(Items listed in a dataset)
....

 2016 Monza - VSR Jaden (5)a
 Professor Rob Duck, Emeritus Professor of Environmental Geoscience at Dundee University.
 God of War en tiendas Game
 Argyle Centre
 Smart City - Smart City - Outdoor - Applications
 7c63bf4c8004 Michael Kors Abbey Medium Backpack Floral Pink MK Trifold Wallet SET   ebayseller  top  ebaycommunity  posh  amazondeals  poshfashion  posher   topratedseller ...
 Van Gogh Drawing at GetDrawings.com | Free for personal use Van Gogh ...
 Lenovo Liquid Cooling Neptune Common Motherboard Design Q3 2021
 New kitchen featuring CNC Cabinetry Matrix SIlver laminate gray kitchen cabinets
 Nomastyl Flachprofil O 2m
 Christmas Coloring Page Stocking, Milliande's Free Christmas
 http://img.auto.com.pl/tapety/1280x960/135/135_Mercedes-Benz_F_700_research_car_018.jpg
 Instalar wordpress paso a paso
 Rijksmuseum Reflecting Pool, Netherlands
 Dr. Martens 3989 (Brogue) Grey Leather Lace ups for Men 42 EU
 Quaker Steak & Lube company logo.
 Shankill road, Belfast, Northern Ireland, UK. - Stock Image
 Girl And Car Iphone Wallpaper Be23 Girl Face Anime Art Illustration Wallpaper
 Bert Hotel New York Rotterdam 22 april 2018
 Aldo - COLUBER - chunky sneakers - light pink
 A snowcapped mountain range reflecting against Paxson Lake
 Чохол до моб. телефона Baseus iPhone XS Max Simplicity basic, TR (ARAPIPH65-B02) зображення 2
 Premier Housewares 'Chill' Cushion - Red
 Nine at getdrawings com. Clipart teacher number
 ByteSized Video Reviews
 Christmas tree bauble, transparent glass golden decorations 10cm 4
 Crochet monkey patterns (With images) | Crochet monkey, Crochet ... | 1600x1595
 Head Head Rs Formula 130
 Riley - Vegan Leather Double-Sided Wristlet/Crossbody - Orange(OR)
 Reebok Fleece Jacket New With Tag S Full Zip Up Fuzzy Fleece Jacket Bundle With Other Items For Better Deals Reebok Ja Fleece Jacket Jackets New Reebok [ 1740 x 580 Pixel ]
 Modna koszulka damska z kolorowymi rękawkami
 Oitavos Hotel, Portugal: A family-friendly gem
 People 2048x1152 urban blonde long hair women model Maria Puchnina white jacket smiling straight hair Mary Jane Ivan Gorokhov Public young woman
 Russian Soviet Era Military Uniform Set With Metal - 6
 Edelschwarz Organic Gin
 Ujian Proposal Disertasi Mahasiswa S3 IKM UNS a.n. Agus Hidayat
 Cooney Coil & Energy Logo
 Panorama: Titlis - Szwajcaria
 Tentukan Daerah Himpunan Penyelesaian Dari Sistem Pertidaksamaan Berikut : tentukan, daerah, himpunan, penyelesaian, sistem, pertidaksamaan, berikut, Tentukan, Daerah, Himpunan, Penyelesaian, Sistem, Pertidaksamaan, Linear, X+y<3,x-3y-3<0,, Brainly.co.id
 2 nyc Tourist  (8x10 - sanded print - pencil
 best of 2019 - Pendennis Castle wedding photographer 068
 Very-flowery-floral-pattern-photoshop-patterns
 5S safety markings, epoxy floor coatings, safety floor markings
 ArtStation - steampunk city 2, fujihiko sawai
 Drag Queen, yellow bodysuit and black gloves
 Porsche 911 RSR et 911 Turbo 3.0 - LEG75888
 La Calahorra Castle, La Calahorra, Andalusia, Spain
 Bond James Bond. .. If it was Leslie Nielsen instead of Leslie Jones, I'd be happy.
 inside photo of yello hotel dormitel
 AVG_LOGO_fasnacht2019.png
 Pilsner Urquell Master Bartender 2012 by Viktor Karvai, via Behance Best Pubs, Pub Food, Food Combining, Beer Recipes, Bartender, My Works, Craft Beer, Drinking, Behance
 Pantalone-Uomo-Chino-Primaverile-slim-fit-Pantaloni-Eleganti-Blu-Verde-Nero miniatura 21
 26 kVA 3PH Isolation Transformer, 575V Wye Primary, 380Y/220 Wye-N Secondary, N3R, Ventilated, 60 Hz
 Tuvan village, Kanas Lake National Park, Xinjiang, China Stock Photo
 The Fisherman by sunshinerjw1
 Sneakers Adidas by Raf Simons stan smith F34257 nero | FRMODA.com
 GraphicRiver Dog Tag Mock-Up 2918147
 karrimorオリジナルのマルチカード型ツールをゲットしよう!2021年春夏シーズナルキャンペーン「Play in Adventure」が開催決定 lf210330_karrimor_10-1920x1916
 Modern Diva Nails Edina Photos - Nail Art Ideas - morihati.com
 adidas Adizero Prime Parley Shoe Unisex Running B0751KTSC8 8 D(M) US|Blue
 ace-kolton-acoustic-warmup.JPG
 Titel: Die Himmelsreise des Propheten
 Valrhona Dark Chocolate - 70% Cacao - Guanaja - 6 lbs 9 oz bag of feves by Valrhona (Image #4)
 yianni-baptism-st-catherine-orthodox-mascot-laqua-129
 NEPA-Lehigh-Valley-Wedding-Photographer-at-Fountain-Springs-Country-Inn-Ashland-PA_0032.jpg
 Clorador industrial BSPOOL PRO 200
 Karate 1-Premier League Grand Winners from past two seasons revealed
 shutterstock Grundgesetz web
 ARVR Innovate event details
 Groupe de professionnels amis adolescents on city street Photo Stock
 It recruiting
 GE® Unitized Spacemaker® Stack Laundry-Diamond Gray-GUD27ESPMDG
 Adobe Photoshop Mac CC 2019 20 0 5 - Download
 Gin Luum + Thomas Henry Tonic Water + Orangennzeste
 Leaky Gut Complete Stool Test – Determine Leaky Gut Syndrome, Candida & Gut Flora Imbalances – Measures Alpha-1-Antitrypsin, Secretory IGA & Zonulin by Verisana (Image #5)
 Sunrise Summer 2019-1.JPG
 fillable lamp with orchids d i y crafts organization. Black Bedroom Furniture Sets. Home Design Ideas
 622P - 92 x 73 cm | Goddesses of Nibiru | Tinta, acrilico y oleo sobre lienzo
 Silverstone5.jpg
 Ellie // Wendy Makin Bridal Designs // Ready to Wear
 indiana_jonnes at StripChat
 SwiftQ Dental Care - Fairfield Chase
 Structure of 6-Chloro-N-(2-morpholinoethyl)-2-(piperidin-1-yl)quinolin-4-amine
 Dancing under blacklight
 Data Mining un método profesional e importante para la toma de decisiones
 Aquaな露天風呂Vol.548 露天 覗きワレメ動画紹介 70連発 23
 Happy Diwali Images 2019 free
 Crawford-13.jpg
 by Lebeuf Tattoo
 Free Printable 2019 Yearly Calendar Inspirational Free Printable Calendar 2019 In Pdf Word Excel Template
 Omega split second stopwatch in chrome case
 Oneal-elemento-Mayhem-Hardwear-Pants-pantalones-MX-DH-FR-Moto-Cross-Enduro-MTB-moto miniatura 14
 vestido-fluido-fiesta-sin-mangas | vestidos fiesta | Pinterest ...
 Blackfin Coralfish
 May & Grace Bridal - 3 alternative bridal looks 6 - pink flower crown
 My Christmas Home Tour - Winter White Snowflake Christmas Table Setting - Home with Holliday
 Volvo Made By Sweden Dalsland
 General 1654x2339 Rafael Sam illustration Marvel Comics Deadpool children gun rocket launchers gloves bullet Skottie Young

....

### What the task asks:
Where a line of the data above includes "patterns", copy that line.

### Expected output:
 Crochet monkey patterns (With images) | Crochet monkey, Crochet ... | 1600x1595
 Very-flowery-floral-pattern-photoshop-patterns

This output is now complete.